Published 03-10-2022, 02:30 pm

Let's be frank: The third quarter was a mess for stocks. It doesn't much matter where the stocks were traded, except this: U.S. stocks in September were not a place you wanted to be.

The Dow Jones Industrial Average and the S&P 500 had their worst September performances since 2002, with the Dow off 8.8% and the S&P 500 falling 9.3%. The Nasdaq Composite dropped 10.5%, its worst September since 2008.

It also meant that the major averages ended September in bear-market territory, defined as a decline of 20% or more from a recent top.

At the end of September, the Dow had fallen 21% for the year with the S&P 500 off 24.8% and the Nasdaq sagging 32%.

But markets do bottom. Sometimes quickly. And understanding what's happening now may help in getting ready for the inevitable recovery.

Most of the market pain is due to the Federal Reserve's stated goal of pushing interest rates higher to beat down inflation to 2% a year at some date in the future. It's now running at 6% to 8%, depending on the measure.

There are three related factors at play, too:

  • Global inflation pressures, fueled by soaring food costs and fuel costs, continued problems with global supply chains, and a sudden eruption of a financial crisis in Britain that some worry will spread elsewhere.
  • The soaring U.S. Dollar. The U.S. Dollar Index is up more than 17% this year alone.
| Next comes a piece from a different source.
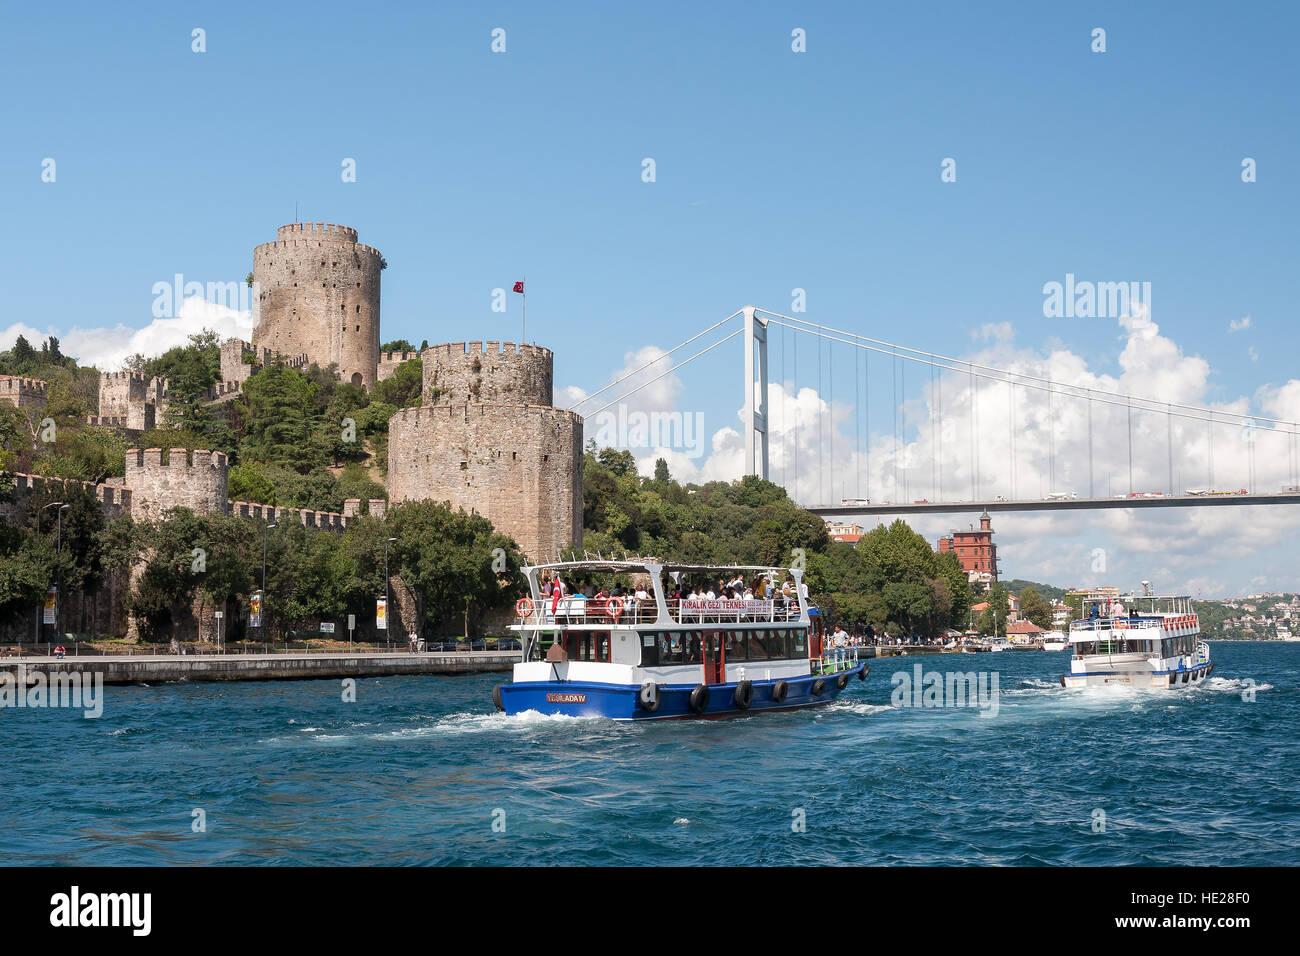 Cruise ships at Bosporus strait with Fatih Sultan Mehmet Bridge and Fortress Rumeli Hisari, Istanbul, Turkey, middle - Stock Image

The dollar is up 17% against the British pound and 25% against the Japanese yen.
  • Global tensions, especially the intractable war between Ukraine and Russia and the latter's threat to use nuclear weapons against Ukraine. Add to that the tensions between the West and China over Taiwan.

Success, at least as Chairman Jerome Powell describes it, means softening up a very tight labor market and demand generally so prices overall will start to come down. Food and energy prices have been the big economic stresses, with prices for food at home up 13.5% for the 12 months ended in August, according to the most recent Consumer Price Index Report.

Energy costs are up about 25% on the year. The American Automobile Association estimated the U.S. retail price of gasoline at $3.796 a gallon as of Sunday. But in a break for consumers, gas prices are down some 24% from their $5.016 peak in mid-June

Short-term rates look to push above 4% in 2023. At their last meeting, Fed officials projected 4.6% as the median 2023 level on its key Federal Funds rate, the rate banks charge each other for overnight loans.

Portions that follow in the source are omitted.